The companion drive switch 44 includes a PNP type transistor 90 which 
provides a buffered base drive for NPN transistors 91 and 92 which are 
connected in the Darlington configuration. 
Pin 4 from PROM 30 is connected to the base of transistor 90 through a 
resistor 95. The emitter is connected to the positive source and a 
resistor 96 is connected across the emitter-base circuit. The collector of 
transistor 90 is connected to the base of transistor 91 of the Darlington 
circuit via a resistor 97 and an isolating diode 98. The collectors of 
transistors 91 and 92 are connected to the free end of stator winding 21a 
whereas the emitter of transistor 91 is connected to the base of 
transistor 92 and the emitter of transistor 92 is connected to ground. 
Resistors 94 and 99 are connected across the base-emitter circuits of 
transistors 91 and 92, respectively. Diode 100 is poled in the reverse 
direction and is connected across the collector-emitter circuit of 
transistor 92. 
If the signal from the PROM is positive, i.e., logic 1, transistors 90-92 
are rendered non-conductive. If the signal from the PROM drops to zero, 
i.e., logic zero, this drop in potential renders transistor 90 conductive 
which in turn raises the potential at the bases of transistors 91 and 92 
to likewise drive these transistors into a fully conductive state.
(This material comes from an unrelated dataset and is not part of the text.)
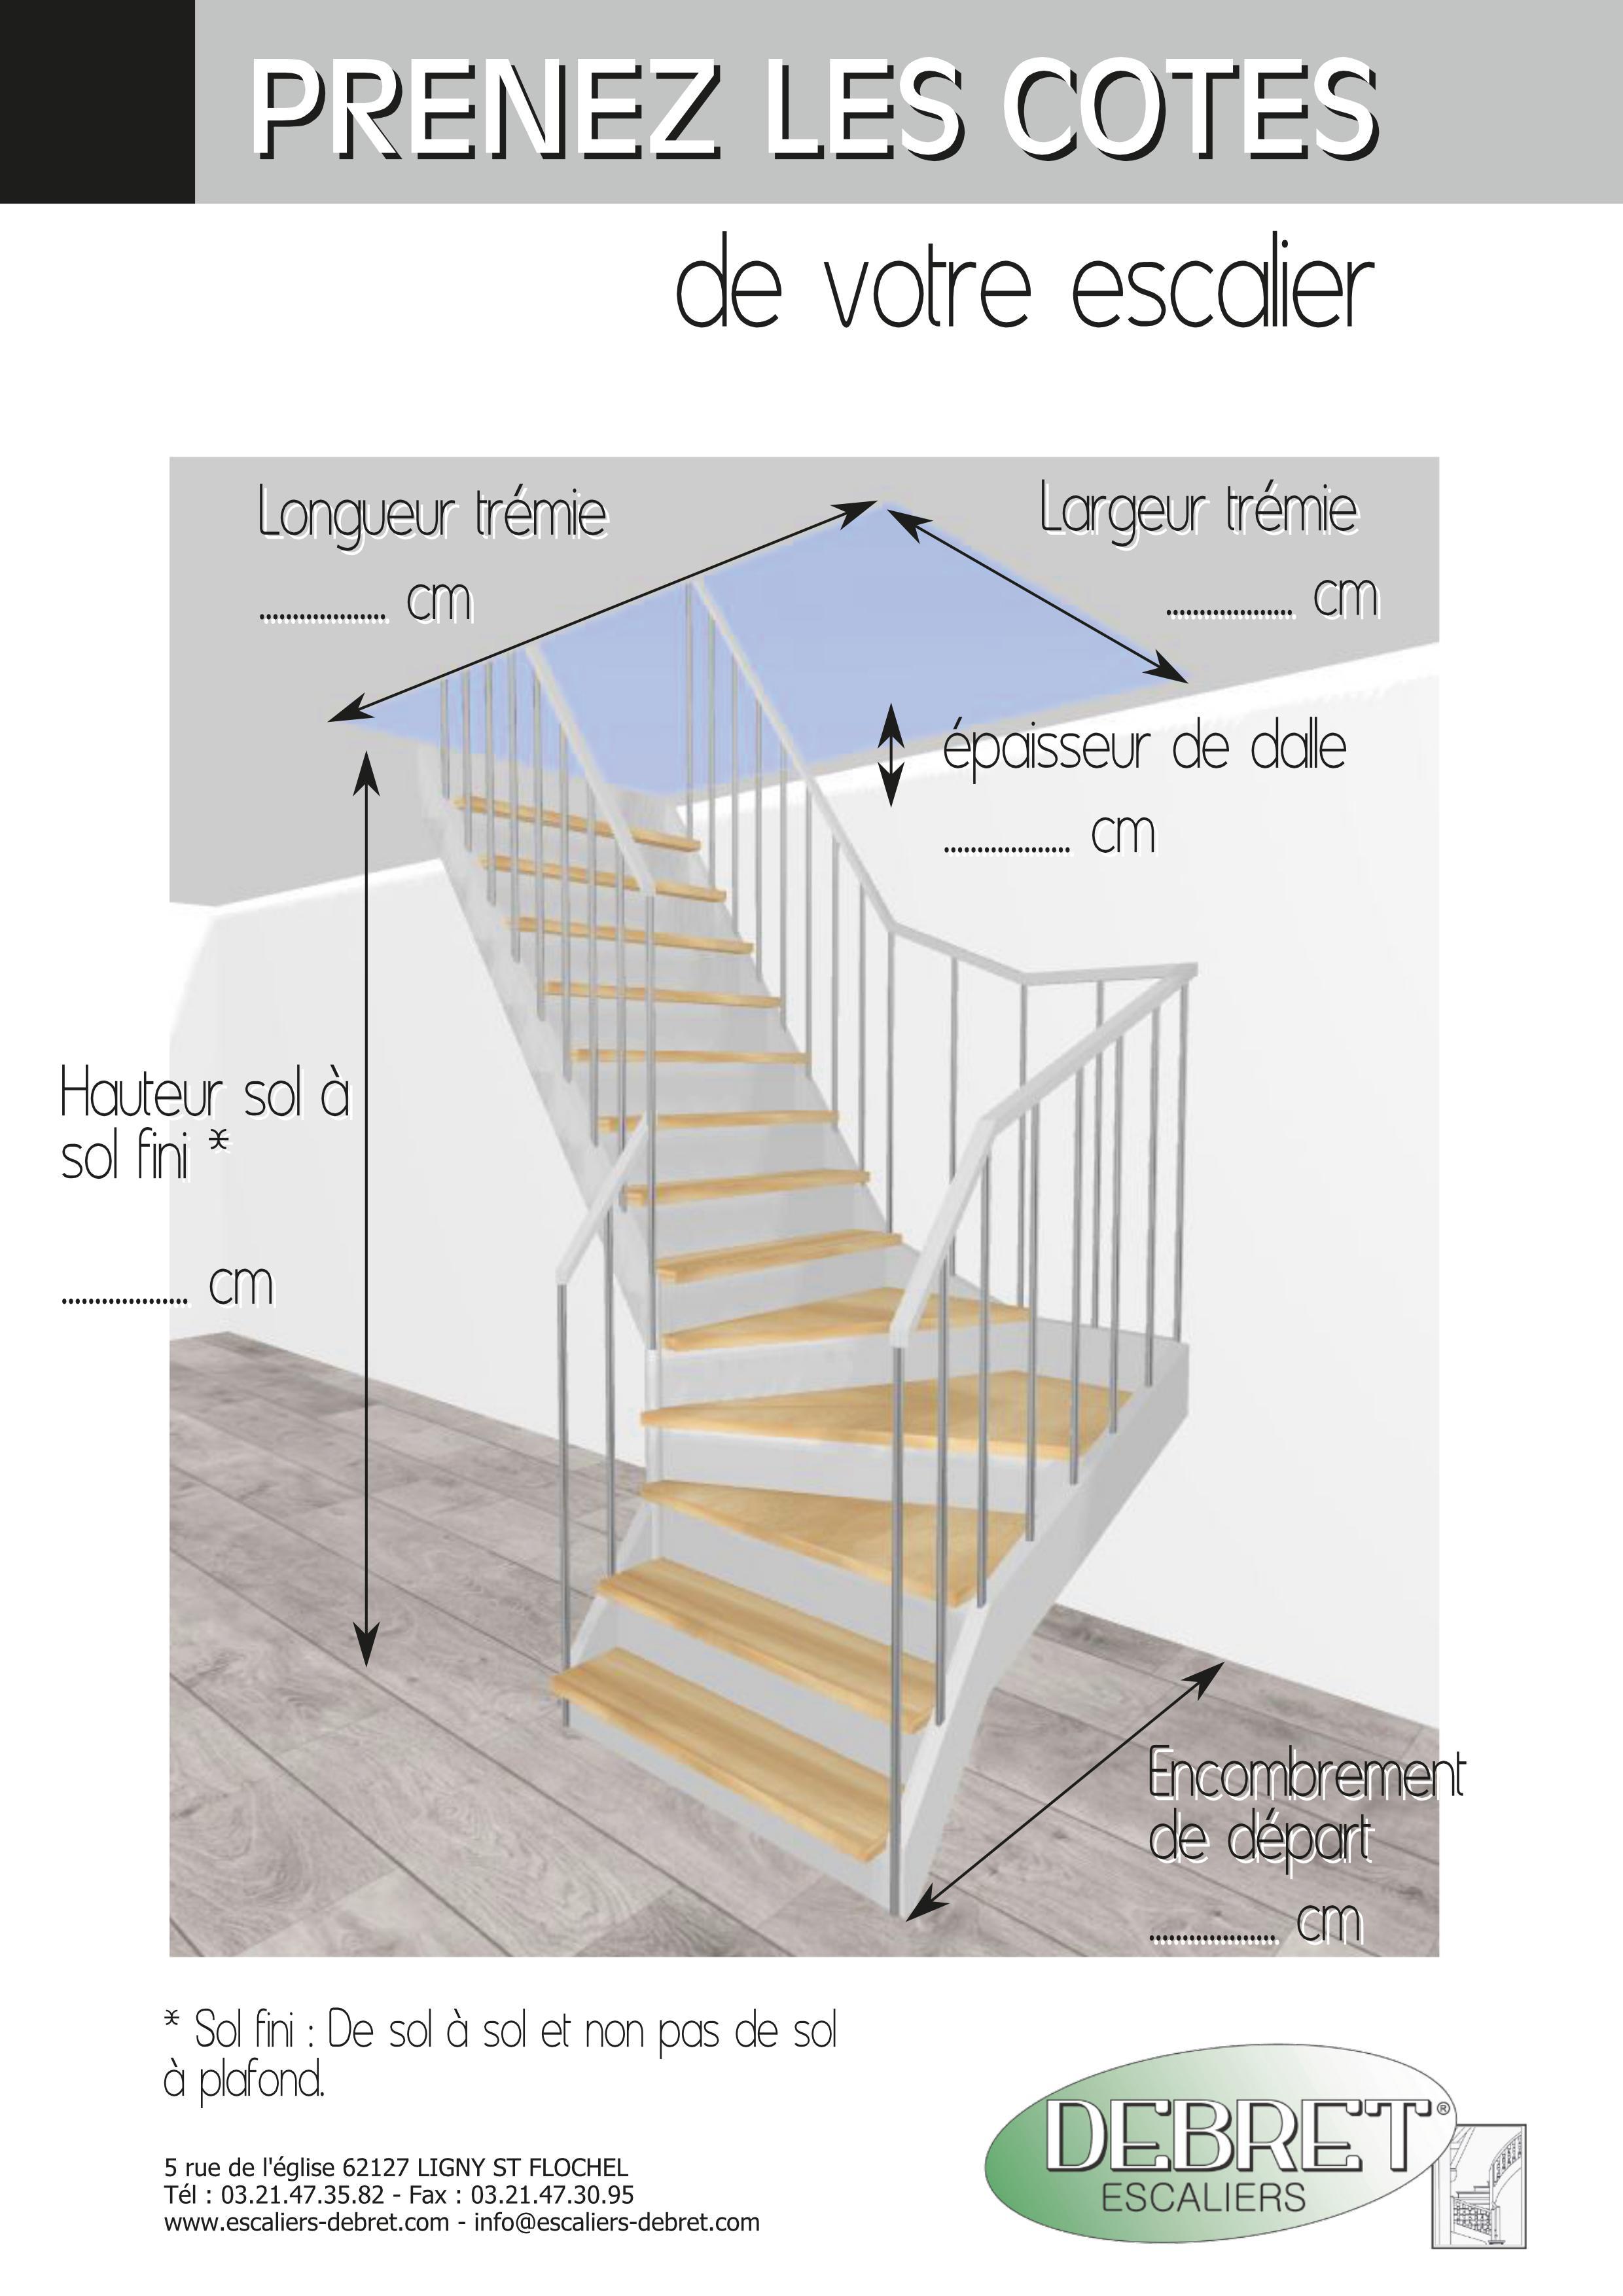 comment prendre les cotes d 39 un escalier fabricant d 39 escaliers sur mesure debret escaliers. Black Bedroom Furniture Sets. Home Design Ideas

Thus, a 
logic zero signal on pin 4 of the PROM renders drive transistors 91 and 92 
fully conductive and therefore, in effect, connects the free end of 
winding 21a to ground. 
Since there are relatively few components in the motor controller according 
to this invention as illustrated in FIG. 1, the components can 
conveniently be mounted on a circular printed circuit board roughly the 
same diameter as the motor. Such a printed circuit board including the 
Hall devices can be mounted so that the leakage flux from the discrete 
permanent magnet rotor poles is sensed by the board mounted digital Hall 
devices. Preferably the Hall devices in such an arrangement would be 
provided with adjustable permanent magnets which can be used as trimmers 
so that each Hall device senses a magnetic condition over 60 electrical 
degrees. 
It should be apparent to those skilled in the art that there are many 
possible variations within the scope of this invention which is the more 
particularly defined in the appended claims.